Software::Desktop::Gnome

GNOME 3 verzichtet auf Applets

GNOME 3, das in einer ersten Vorschauversion im September erscheinen wird, wird keine Applets mehr unterstützen.

Vincent Untz erklärte während seiner Ankündigung, dass GNOME 3 auf den März 2011 verschoben wurde, wie er und das Veröffentlichungsteam sich die weitere Entwicklung vorstellen. Bis zum September wird es eine Parallelentwicklung von GNOME 2.32 und GNOME 3 geben. Untz schätzt den daraus resultierenden Mehraufwand gering ein. Die Klasse GtkApplication von GTK+ 3 wird auf GTK+ 2 zurückportiert, um Komponenten, die bereits GTK+ 3 nutzen, auch mit GTK+ 2 compilieren zu können.

GNOME 2.32 wird über die geplanten neuen Module hinaus auch gnome-color-manager und rygel mitbringen. Damit wird GNOME erstmals über eine umfassende Farbverwaltung verfügen. Rygel sorgt für Multimedia-Streaming unter Nutzung des DNLA-Protokolls.
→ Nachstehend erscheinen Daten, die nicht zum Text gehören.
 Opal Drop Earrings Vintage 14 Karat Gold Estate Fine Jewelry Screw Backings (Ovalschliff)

GNOME 3 wird vorerst Schluss machen mit Applets, also Programmen, die sich in die Task-Leiste einfügen. Untz begründet das damit, dass die meisten Applets Dinge tun, die in die GNOME-Shell integriert werden. Der Rest leidet nach Ansicht des GNOME-Teams unter der beschränkten Bedienoberfläche, und die geringe Zahl existierender Applets ist für das Team der Beweis, dass Entwickler nicht daran interessiert sind, mit Applets den Desktop zu erweitern. Diverse Applets haben sich schon zu regulären Programmen weiterentwickelt; dies ist eine Möglichkeit, die auch anderen Applets offensteht.
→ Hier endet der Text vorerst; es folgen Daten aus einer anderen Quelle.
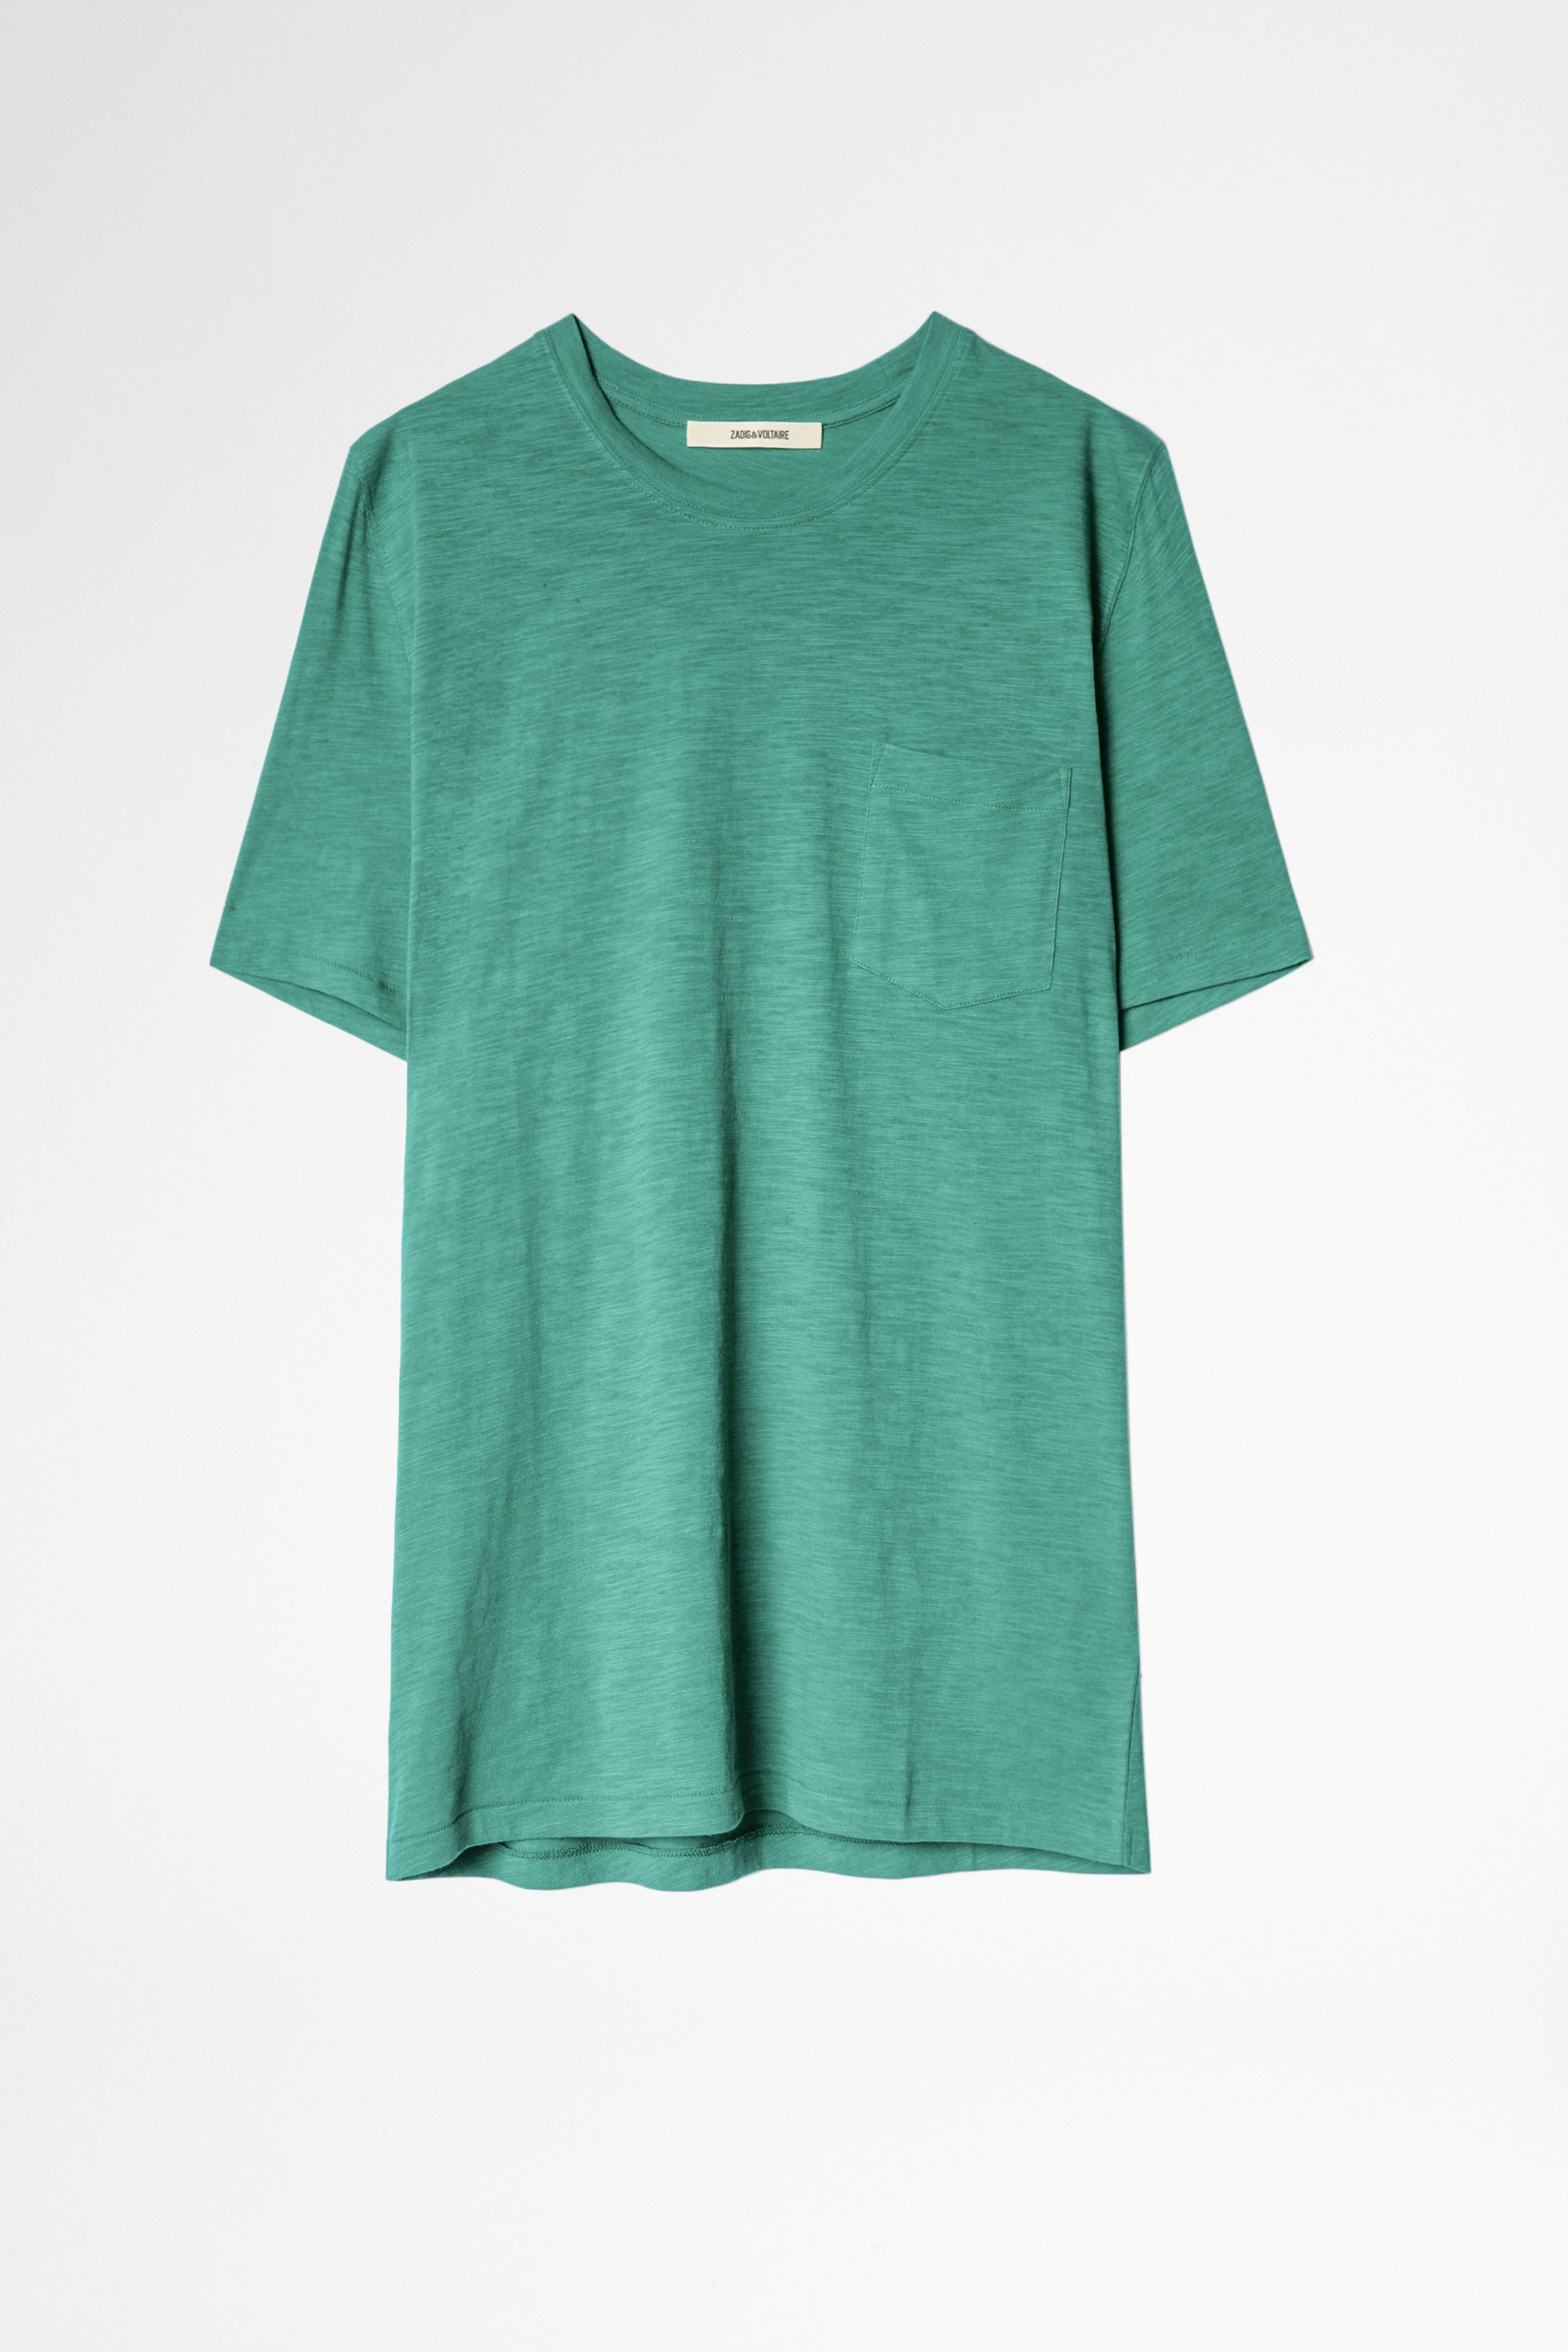 Stockholm Slubbed Cotton T-Shirt Women’s emerald cotton T-shirt

Die GNOME-Entwickler wollen nach der Freigabe von GNOME 3 noch einmal über ein System nachdenken, das als Ersatz für Applets dienen könnte. Vorerst sind sie allerdings weg. Wer unbedingt auf Applets angewiesen ist, kann das GNOME-2-Panel weiter nutzen, da es auch unter GNOME 3 noch verfügbar sein wird.